Eli and Charlie Sisters are a pair or notorious assassins during the age of the California Gold Rush. Their primary employer is a horrible, incredibly wealthy criminal simply known as The Commodore. The Commodore hires Charlie (and Eli, by default) to ride down to California from Oregon City, find a prospector named Hermann Warm, take his “formula,” and kill him. And this is the story of their journey to find and kill that man.

Nothing on their journey goes as expected. Eli gets sick. Charlie gets drunk. They get in fights. They kill everyone that gets in their way. And Eli starts to think about his life and what’s next for him. He thinks that maybe this will be the last job for him, and that he might like to open up a mercantile in a quiet town somewhere, with a good woman at his side. Eli starts to worry about being too fat, too angry, too controlled by his brother. And Charlie constantly tells him that he’s never going to be a leader, and that the Commodore only keeps him on the payroll as a courtesy to Charlie. That maybe Charlie will go out and find himself another partner that’s easier to work with.
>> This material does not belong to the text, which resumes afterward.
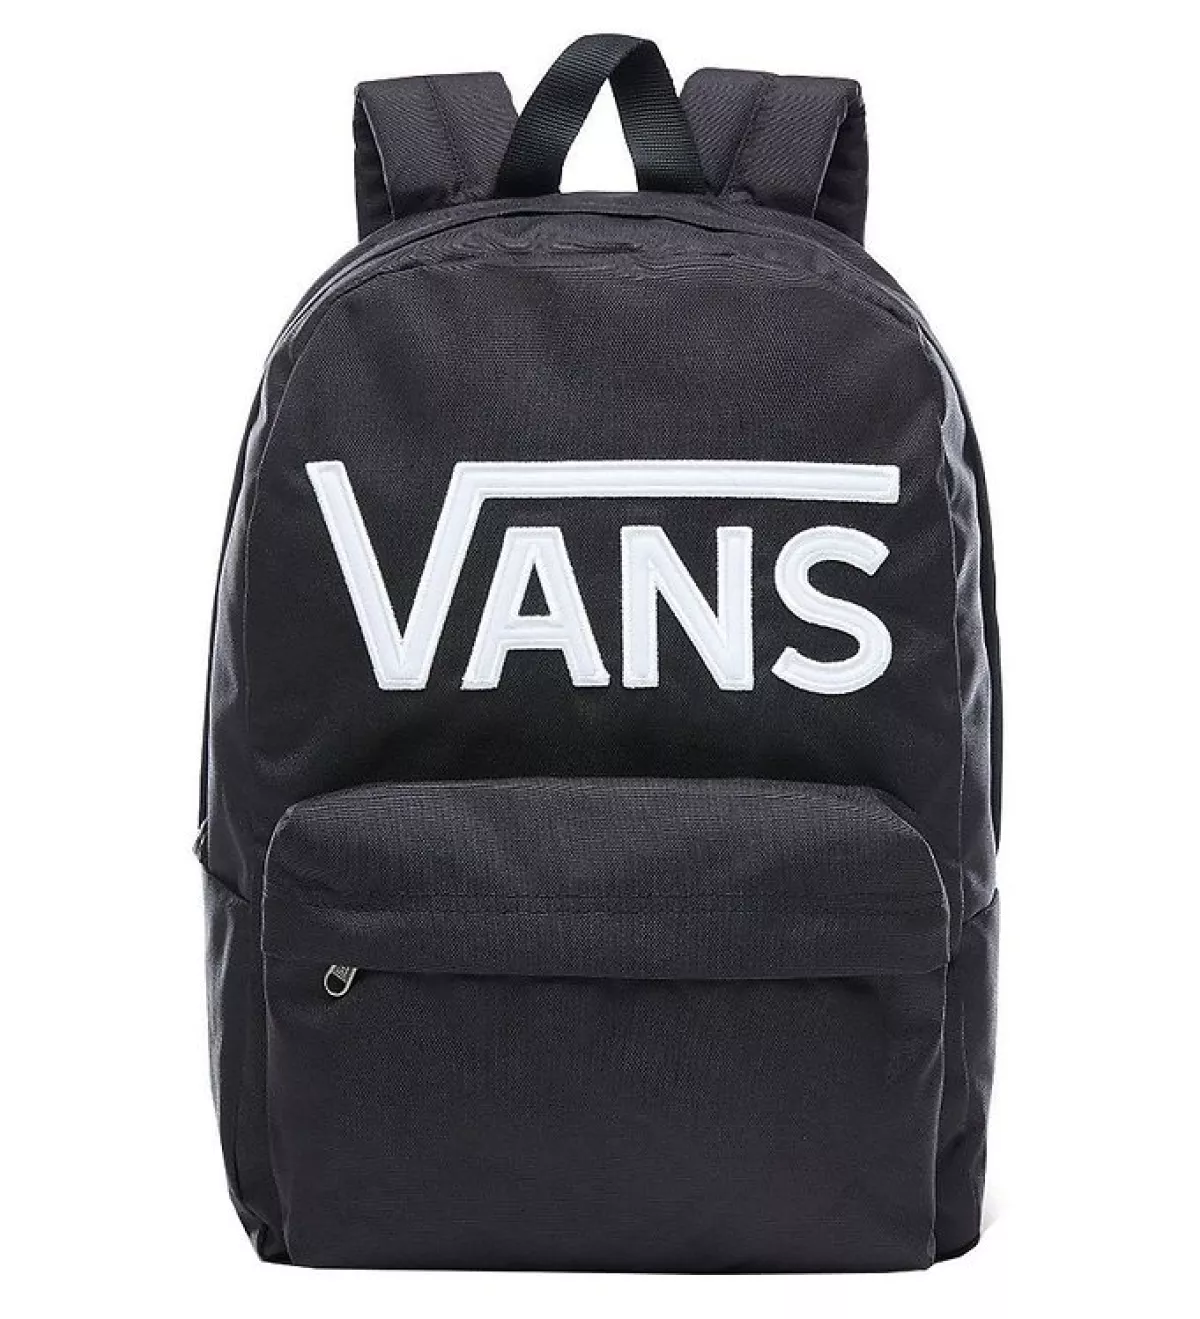 #2 - VANS By New Skool Backpack Black/White

One that doesn’t give him a hard time about his drinking or his attitude.

Eventually, once the brothers reach San Francisco, where Hermann Warm is supposed to be, the story changes from a classic men-for-hire doing what they were hired to do, to a story about taking a chance to change your life for the better and getting revenge on the people who did you wrong.
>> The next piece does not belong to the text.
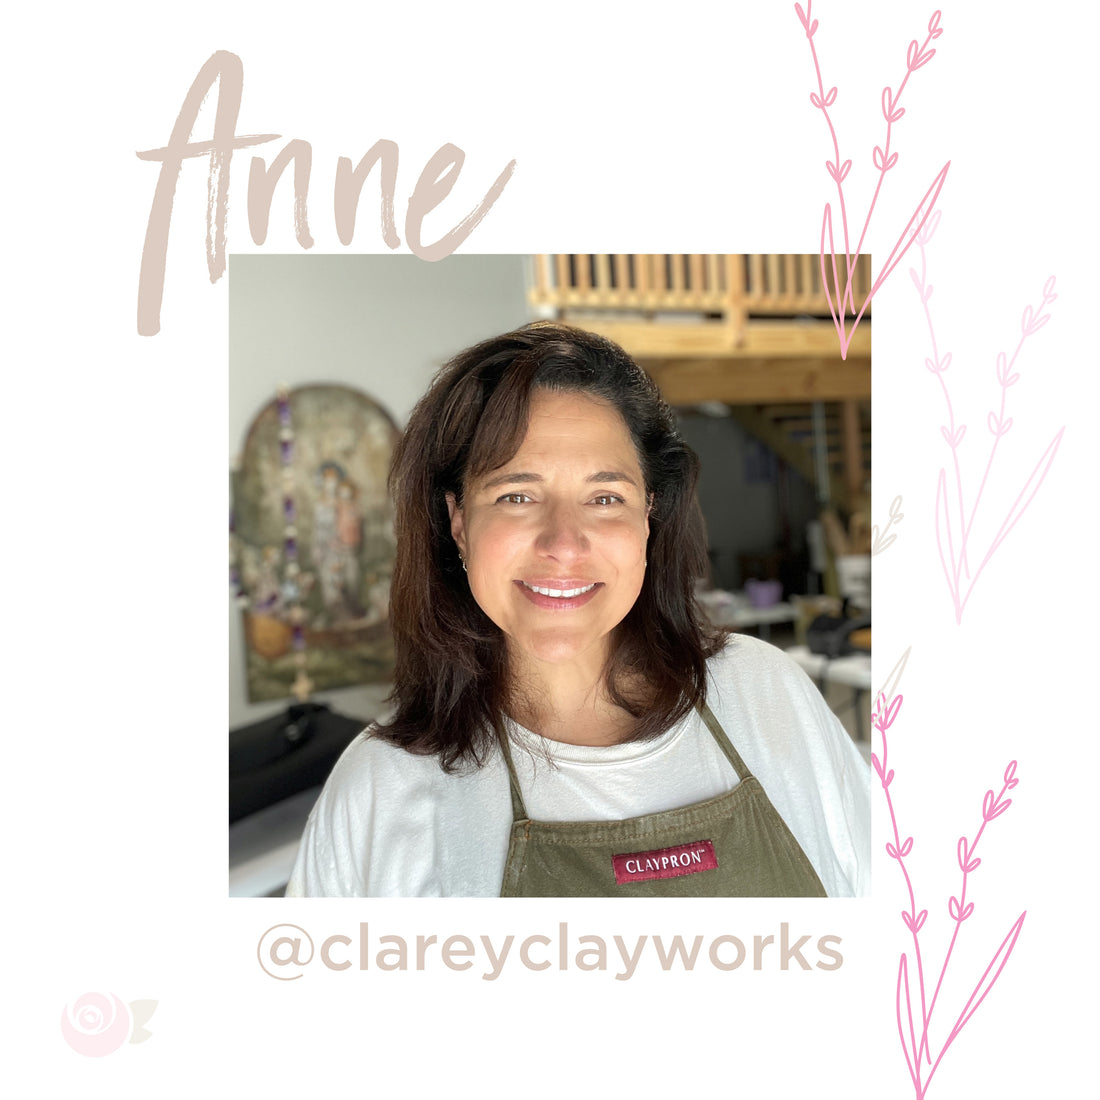 Clarey Clayworks

I liked the story. I liked Eli as a character, even though he really wasn’t a very good man. I liked that he always wanted to brush his teeth or lose a few pounds — it made him very human. But I was also bored by the story. I couldn’t read more than a chapter at a time. It just wasn’t all that compelling.

But as a movie? Shot like a Coen Brothers western? I’d be all over that.

***OK. So I just looked on IMDB and it seems that John C Reilly is going to play Charlie and Joaquin Phoenix is supposed to be Eli. WTF? I’m not down with that.